Macro for supplying memset with an unsigned char

M

Martin Wells

I'm trying to come up with a fully-portable macro for supplying memset
with an unsigned char rather than an int. I'm going to think out loud
as I go along. . .

I'll take a sample system before I begin:

CHAR_BIT == 16
sizeof(short) == sizeof(int) == 1
Assume none of the integer types have padding bits
Sign-magnitude

Therefore we have:

UCHAR_MAX == 65535
INT_MIN = -32767
INT_MAX = 32767

Let's say we have an array of bytes and we want to set every byte to
65000. We CANNOT use:

memset(data, 65000, sizeof data);

because the conversion from unsigned integer types to signed integer
types "is implementation-defined or an implementation-defined signal
is raised" if the number is out of range.

Therefore we need to supply memset with an int value, which, went
converted to unsigned char, will yield the value we want.

The rules for converting from signed to unsigned are as follows:

| If the new type is unsigned, the value is converted
| by repeatedly adding or subtracting one more than
| the maximum value that can be represented in the
| new type until the value is in the range of the new type.

The addition method is easier to understand so we'll go with that one.
If we start off with a negative number like -1, then here's what will
happen:

char unsigned c = -1;

is equal to:

infinite_range_int x = -1; /* Let's pretend we have a signed
int type that can hold any number */

while (0 > x || UCHAR_MAX < x) x += UCHAR_MAX +
(infinite_range_int)1;

char unsigned c = x;

So on our own system, this is:

while (0 > x || 65535 < x) x += 65536;

Clearly, if x = -1, then it only takes one iteration of the loop to
yield 65535, i.e. UCHAR_MAX.

Therefore, if we want UCHAR_MAX-1, then we'd use (int)-2.
For UCHAR_MAX-2, we'd use (int)-3.

The entire set of data looks something like:

int char unsigned
-1 65535
-2 65534
-3 65533
-4 65532
-5 65531
-6 65530
-7 65529
-8 65528
-9 65527
-10 65526
-11 65525
-12 65524
....
....
-32764 32772
-32765 32771
-32766 32770
-32767 32769
-32768 32768 <--

Now I've just realised a problem. An unsigned char can store 65536
different combinations (i.e. 0 through 65535), but an int can only
store 65535 different combination (i.e. -32767 through 32767) if we're
using something other than two's complement.
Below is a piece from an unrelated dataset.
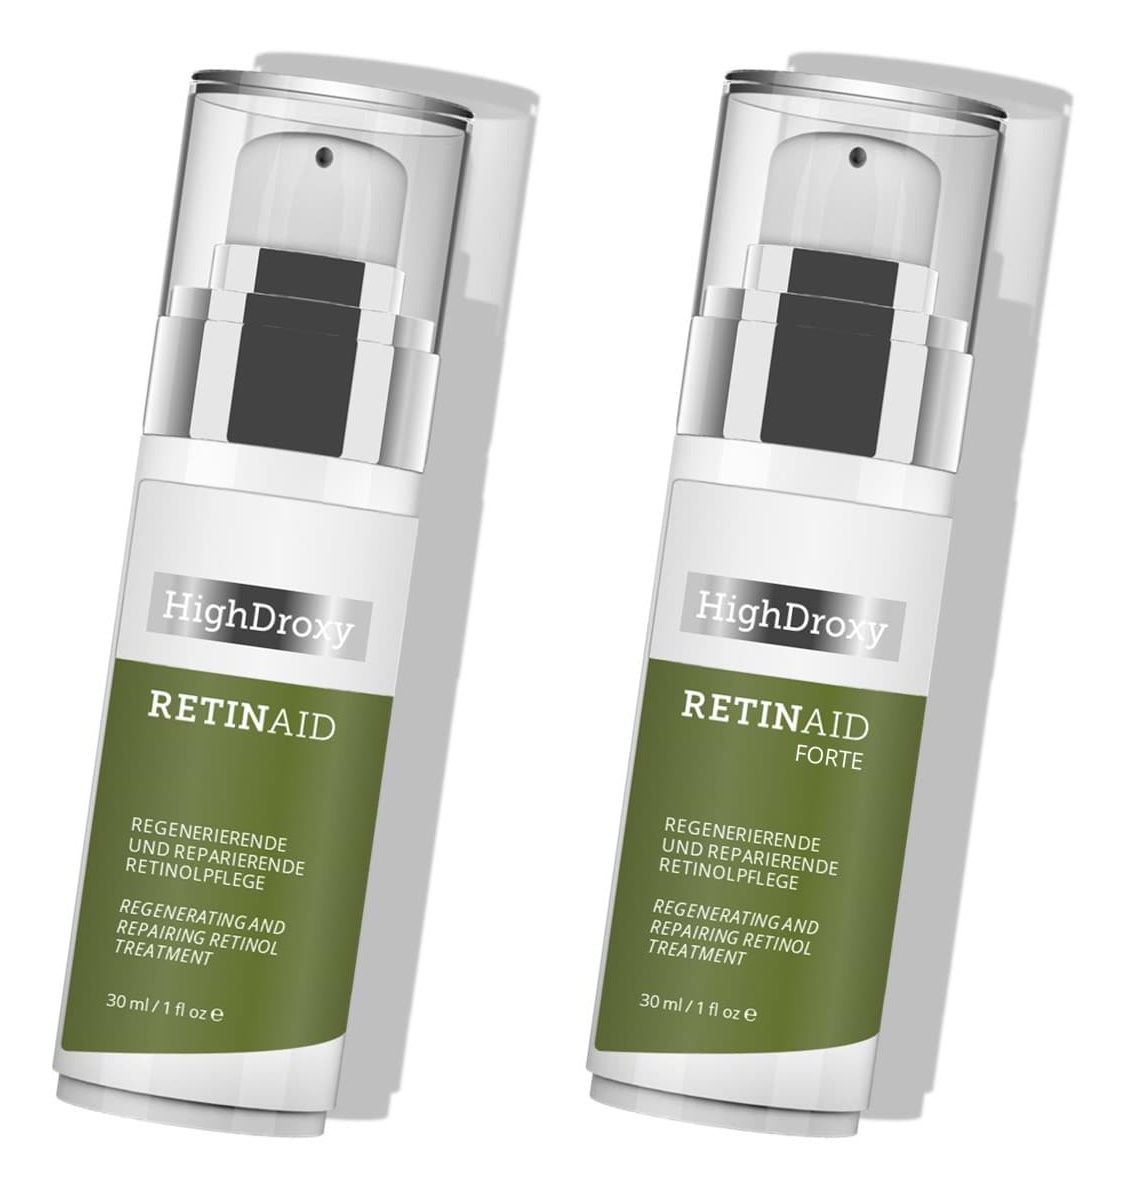 0.5% | Retinaid Forte

I don't know what I'll do
about that, but for now I'll try continue with the other two number
systems:

#if NUMBER_SYSTEM != SIGN_MAGNITUDE

#define UC_AS_INT(x) /* Whatever we're going to do */

#endif

My first thought is something like:

#define UC_AS_INT(x) UC_AS_INT_Internal( (char unsigned)(x) )

#define UC_AS_INT_Internal(x) ( x > INT_MAX \
? -(int)(UCHAR_MAX - x) - 1 \
: (int)x )

Anyway it's Friday an I've stuff to do, but if anyone wants to finish
it off then feel free! :)

If we can't get all 65536 combinations out of one's complement or sign-
magnitude, then we can just have a macro that changes it to:

char unsigned *p = data;
char unsigned const *const pover = data + sizeof data;
while (pover != p) *p++ = c;

Martin
 
P

pete

Martin said:
I'm trying to come up with a fully-portable macro for supplying memset
with an unsigned char rather than an int. I'm going to think out loud
as I go along. . .

I'll take a sample system before I begin:

CHAR_BIT == 16
sizeof(short) == sizeof(int) == 1
Assume none of the integer types have padding bits
Sign-magnitude

Therefore we have:

UCHAR_MAX == 65535
INT_MIN = -32767
INT_MAX = 32767

Let's say we have an array of bytes and we want to set every byte to
65000. We CANNOT use:

memset(data, 65000, sizeof data);

because the conversion from unsigned integer types to signed integer
types "is implementation-defined or an implementation-defined signal
is raised" if the number is out of range.

Whether or not you can set an unsigned char to 65000
is implementation defined,
so there's nothing wrong
with an implementation defined way of doing it.
 
M

Martin Wells

pete:
Whether or not you can set an unsigned char to 65000
is implementation defined,
so there's nothing wrong
with an implementation defined way of doing it.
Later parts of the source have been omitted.